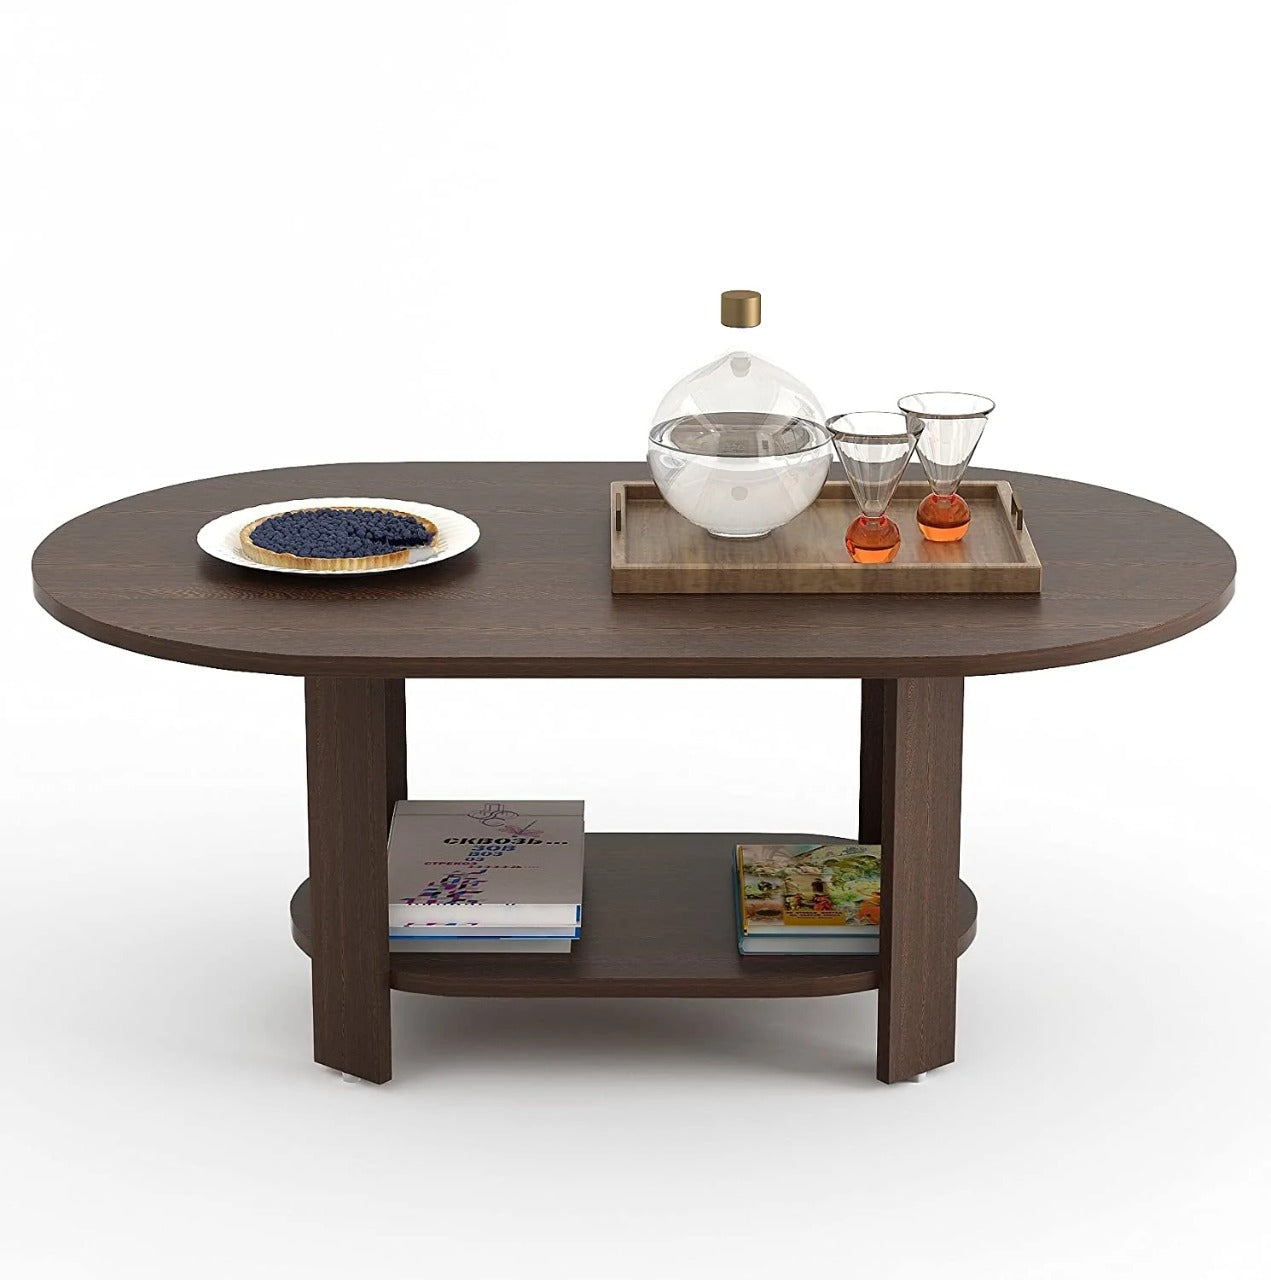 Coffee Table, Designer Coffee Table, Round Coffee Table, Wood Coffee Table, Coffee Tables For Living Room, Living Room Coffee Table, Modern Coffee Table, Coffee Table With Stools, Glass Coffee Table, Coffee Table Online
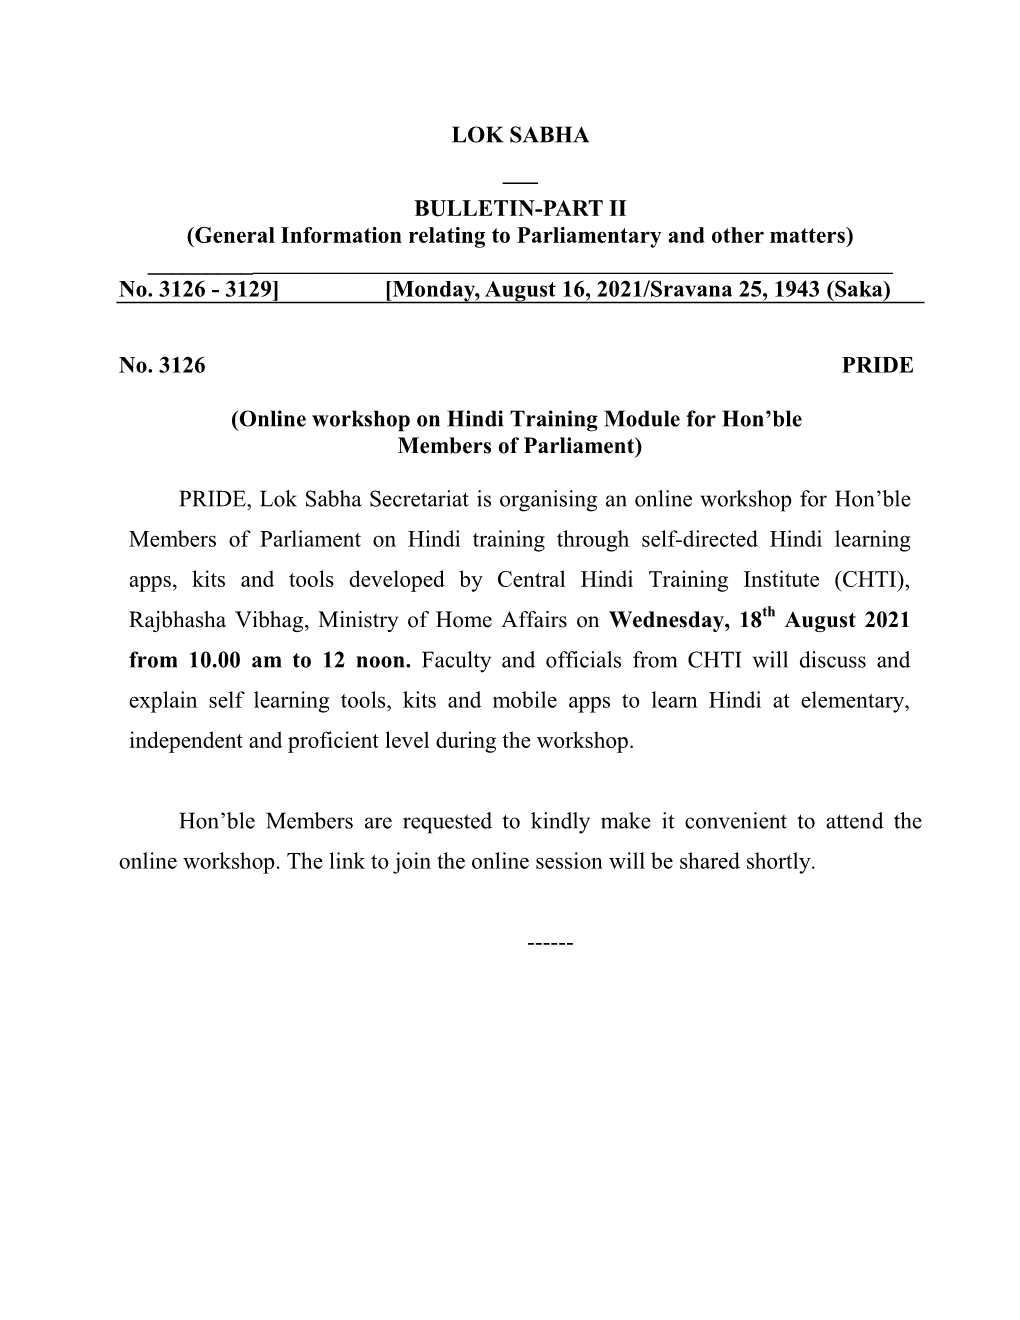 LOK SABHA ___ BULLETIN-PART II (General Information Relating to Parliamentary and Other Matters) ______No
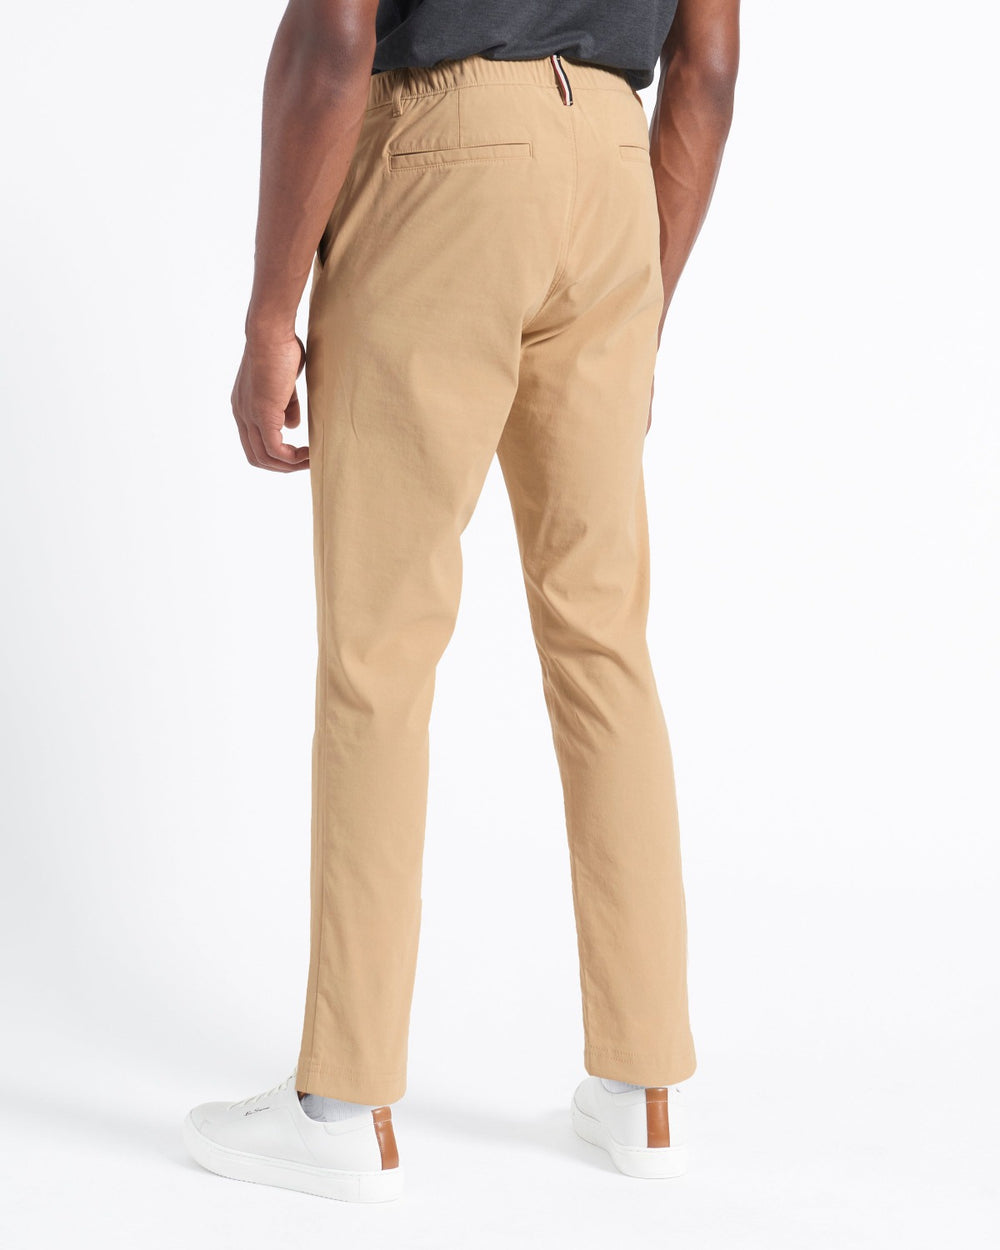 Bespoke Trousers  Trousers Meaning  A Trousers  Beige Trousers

######

▶ _Exercise aim_
An exact repeat of the listing above, pictures excluded, is the answer.

▶ _Your solution_
 Coffee Table, Designer Coffee Table, Round Coffee Table, Wood Coffee Table, Coffee Tables For Living Room, Living Room Coffee Table, Modern Coffee Table, Coffee Table With Stools, Glass Coffee Table, Coffee Table Online
 LOK SABHA ___ BULLETIN-PART II (General Information Relating to Parliamentary and Other Matters) ______No
 Bespoke Trousers  Trousers Meaning  A Trousers  Beige Trousers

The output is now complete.